I'm attempting to refactor what is becoming a very large method -- currently 350 or so lines -- that contains a high degree of cyclomatic complexity.
I understand and ascribe to the theories that methods should be short and that concerns should be separated, and I've been reading over things like this and this among others. I'm struggling to refactor my method, though, for a couple of reasons. To help illustrate these, first here is a simplified example of what the method looks like before refactoring:
private static void ProcessMessage(Message toProcess)
{
var processingIssues = new StringBuilder();
var transformedAttachments = new List<TransformedAttachmentData>();
foreach (var attach in toProcess.Attachments)
{
//in reality there is quite a bit of nested logic here,
//but I'll represent it as a single if-else block.
if (true)
{
//in reality, a third-party library is used in multiple
//levels of this logic hierarchy to produce the transformed data.
transformedAttachments.Add(new TransformedAttachmentData(attach));
}
else
{
processingIssues.AppendLine(
string.Format(@"Issue ""{0}"" occurred with " +
@"attachment ""{1}"".", "blah blah problem", attach.Name));
}
}
/*
* do something else complex here with
* processingIssues and validResults
*/
}
First, the very cyclomatic complexity which is concerning to me is born of a complicated set of business rules that need to be applied which together sum up to a couple shared sets of data (represented here as processingIssues
and transformedAttachments
). Basically what this means to me is that not only should I break the foreach
out into its own method, but I should also further consider breaking the logic tree contained within it into additional methods in the interest of keeping my methods "short". In other words, it would seem as though it's not enough just to break my current method into its two obvious outer-most parts: "pre-processing" and "post-processing" of the attachments, if you will. How far do I need to go with this given that I am dealing with a complicated logic tree with concerns that are not so "separate" from one another. In other words, if "separation of concerns" is one reason to refactor to smaller methods, but so is "cyclomatic complexity" -- both of which seem to be orthogonal concepts -- which is the "right" reason to refactor, and how should I do it in the latter case?

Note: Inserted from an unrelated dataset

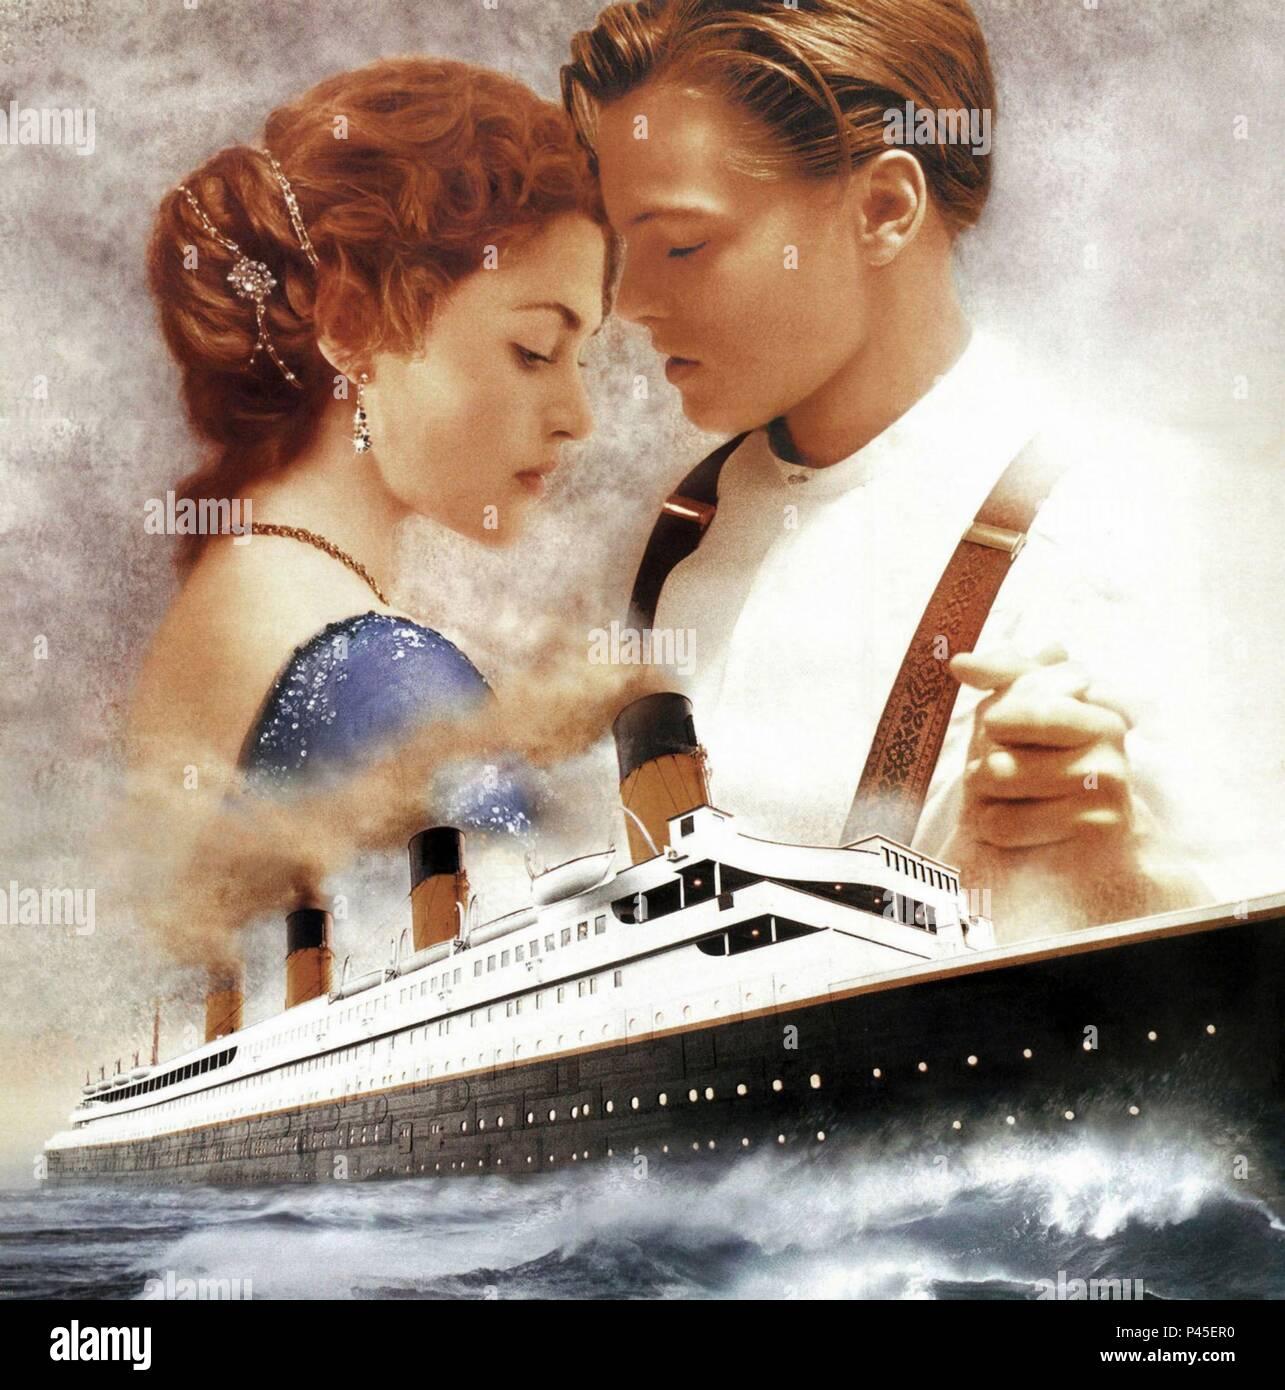 Titanic Movie: Titanic Poster Film Stock Photos & Titanic Poster Film
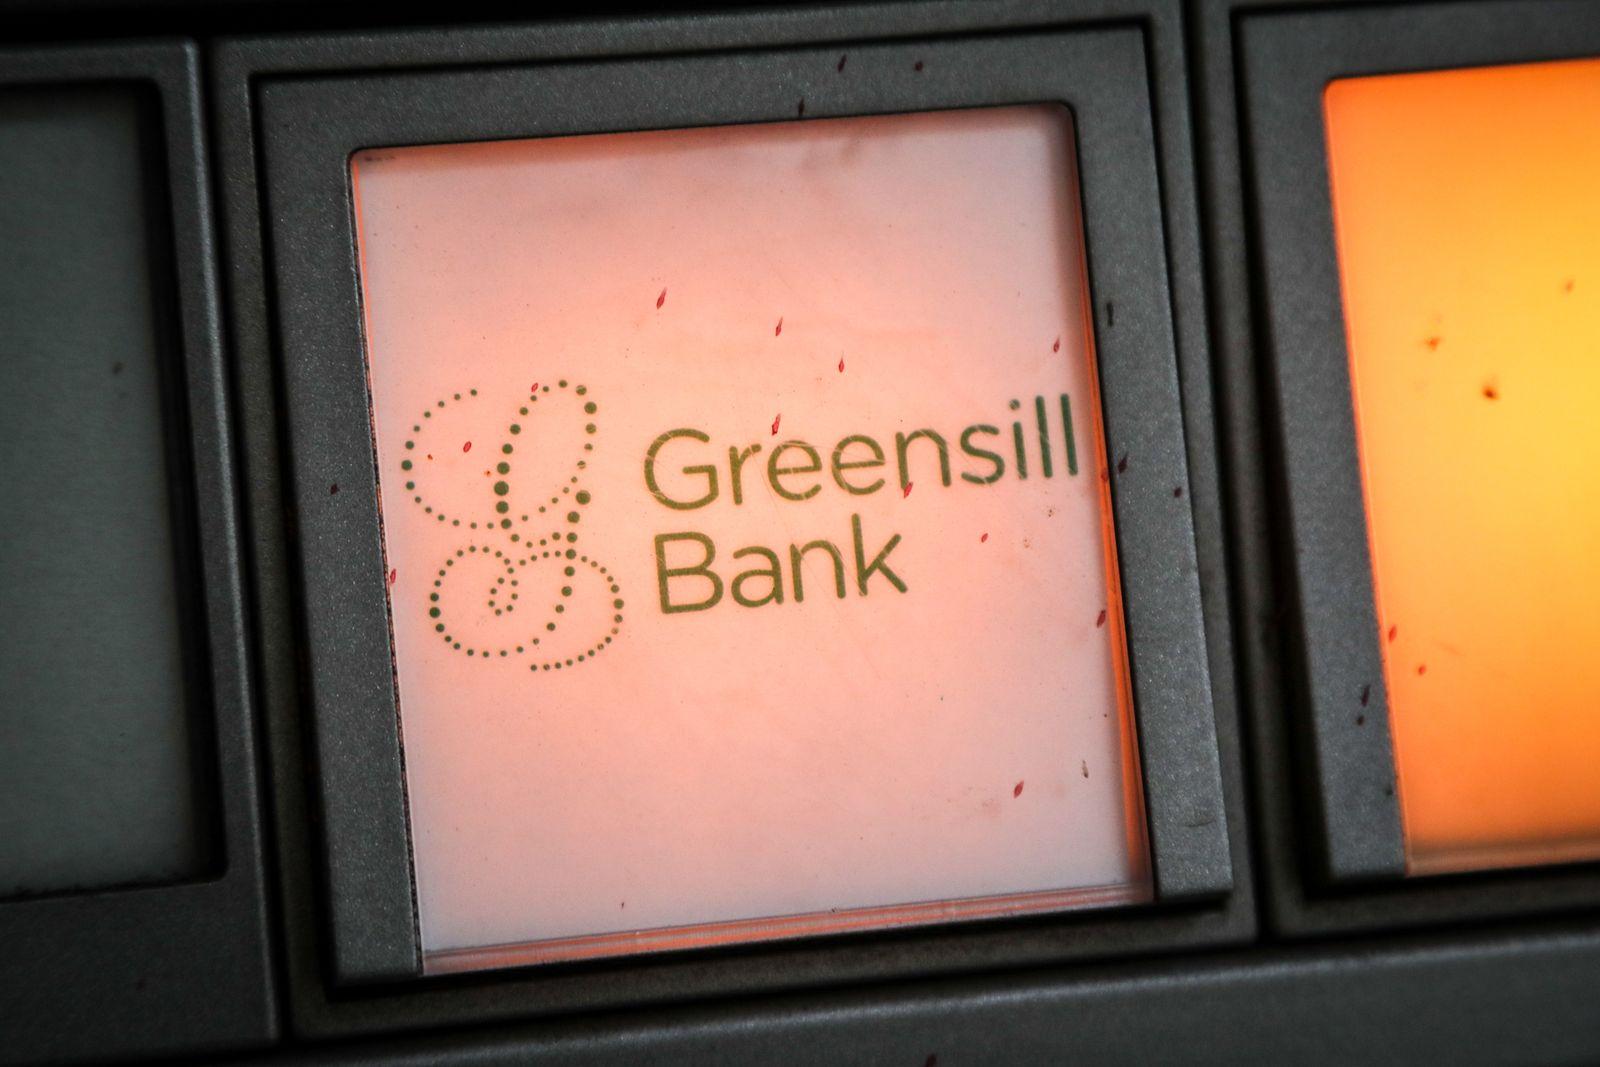 German finance authorities intervene at Greensill Bank

Second, in order to separate out some of the concerns to separate methods, those separate methods will have to return multiple variables (again, processingIssues
and transformedAttachments
), both of which are only needed within the separate methods themselves, so I'm faced with the choice: use output parameters, or create a small class to wrap the return values. Which is better?
Any guidance on this topic and my specific hang-ups would be much appreciated.